Microsatellite genetic markers are available for the most important tsetse species: Glossina fuscipes, Glossina morsitans, Glossina pallidipes, and Glossina tachinoides. Furthermore, the recent sequencing of the full genome of G. morsitans offers new prospects for either additional microsatellite markers or other markers such as single-nucleotide polymorphisms (19). Applying the methodology described in this study to other tsetse species and regions would provide decision makers with crucial information on where control or eradication programs might be more appropriate. Friction maps might also help in those situations where the populations targeted for eradication are not isolated (e.g., the Mouhoun River in Burkina Faso and northwestern Ghana). In fact, artificial barriers to reinvasion such as traps impregnated with insecticides (6) would be more effective if deployed in high-friction areas. The use of such artificial barriers might therefore enable sequential eradication programs, by dividing the target populations into partially isolated subunits (20). Furthermore, in those areas exposed to strong reinvasion pressure, landscape friction analysis could guide the adoption of alternative strategies (e.g., reduction of tsetse densities below the threshold of disease transmission), thus preventing major economic losses due to unsuccessful eradication attempts.

Finally, identifying natural barriers to dispersal and quantifying their environmental determinants might help to manage other pests, or conversely it could be used to improve the conservation of endangered species occurring as metapopulations (21). Indeed, locating genetic corridors across high-friction landscapes is becoming crucial for the conservation of natural populations in a context of increasing fragmentation of ecosystems (12).

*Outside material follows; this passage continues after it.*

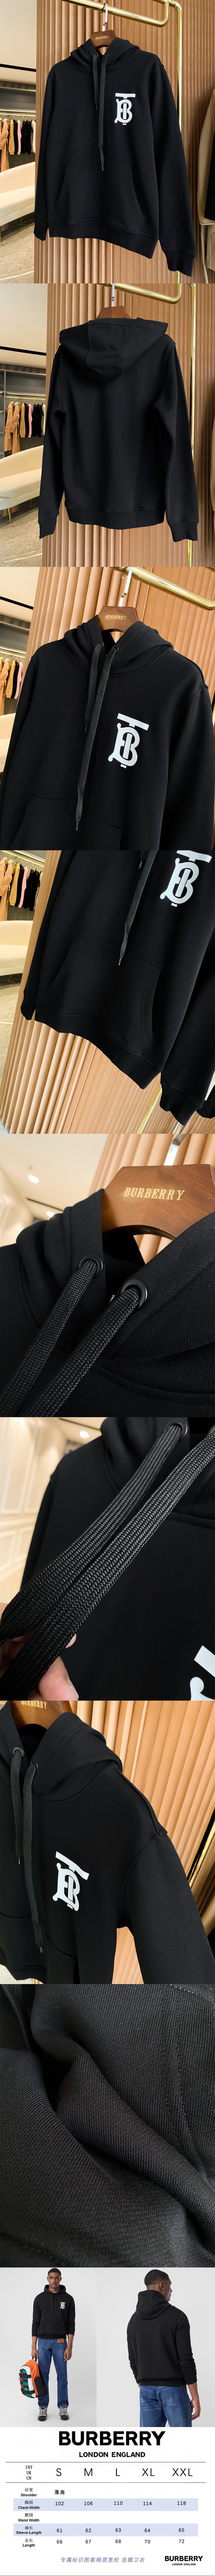 Burberry 專櫃經典系列大學T 爆款來襲 時尚百搭超好看0
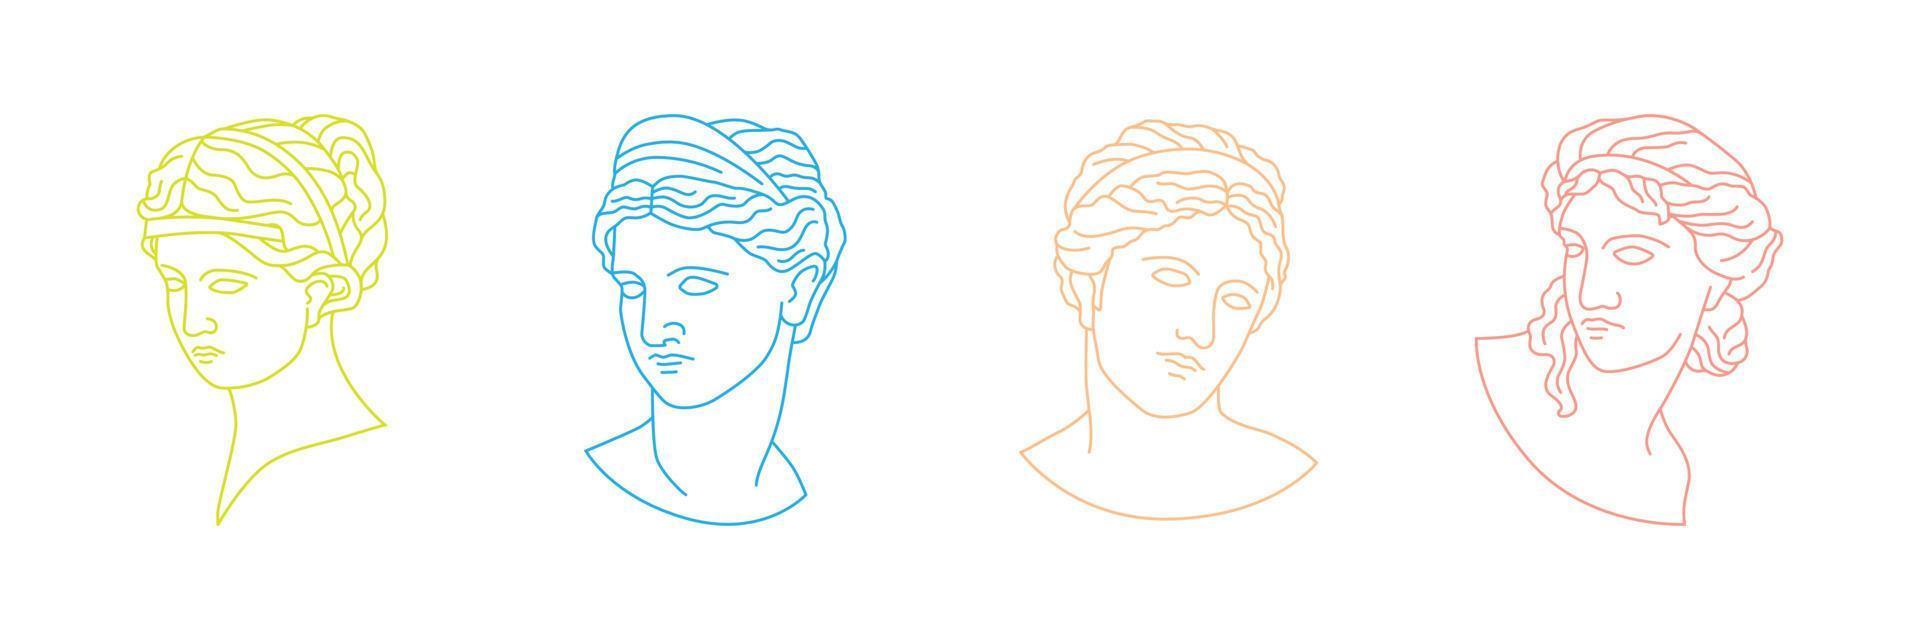 coleção de esculturas de retratos gregos e romanos em ilustrações desenhadas à mão vetor

Details on the Genetic Analysis

Genotyping Procedure.

In each tube containing three tsetse legs, 200 µL of 5% Chelex chelating resin was added. After incubation at 56 °C for 1 h, DNA was denatured at 95 °C for 30 min. The tubes were then centrifuged at 12,000 × g for 2 min and frozen for later analysis. The PCR reactions were carried out in a thermocycler (MJ Research) in 10-mL final volume, using 1 µL of the supernatant from the extraction step. After PCR amplification, allele bands were resolved on a 4300 DNA Analysis System (LI-COR) after migration on 96-lane reloadable 6.5% denaturing polyacrylamide gels. This method allows multiplexing of loci by the use of two infrared dyes (IRDye), separated by 100 nm (700 and 800 nm), and read by a two-channel detection system that uses two separate lasers and detectors to eliminate errors due to fluorescence overlap. To determine the different allele sizes, a large panel of about 30 size markers was used. These size markers had been previously generated by cloning alleles from individual tsetse flies into pGEM-T Easy Vector (Promega Corp.) (8). Three clones of each allele were sequenced using the T7 primer and the Big Dye Terminator Cycle Sequencing Ready Reaction Kit (PE Applied Biosystems). Sequences were analyzed on a PE Applied Biosystems 310 automatic DNA sequencer (PE Applied Biosystems) and the exact size of each cloned allele was determined. PCR products from these cloned alleles were run in the same acrylamide gel as the samples, allowing the allele size of the samples to be determined accurately.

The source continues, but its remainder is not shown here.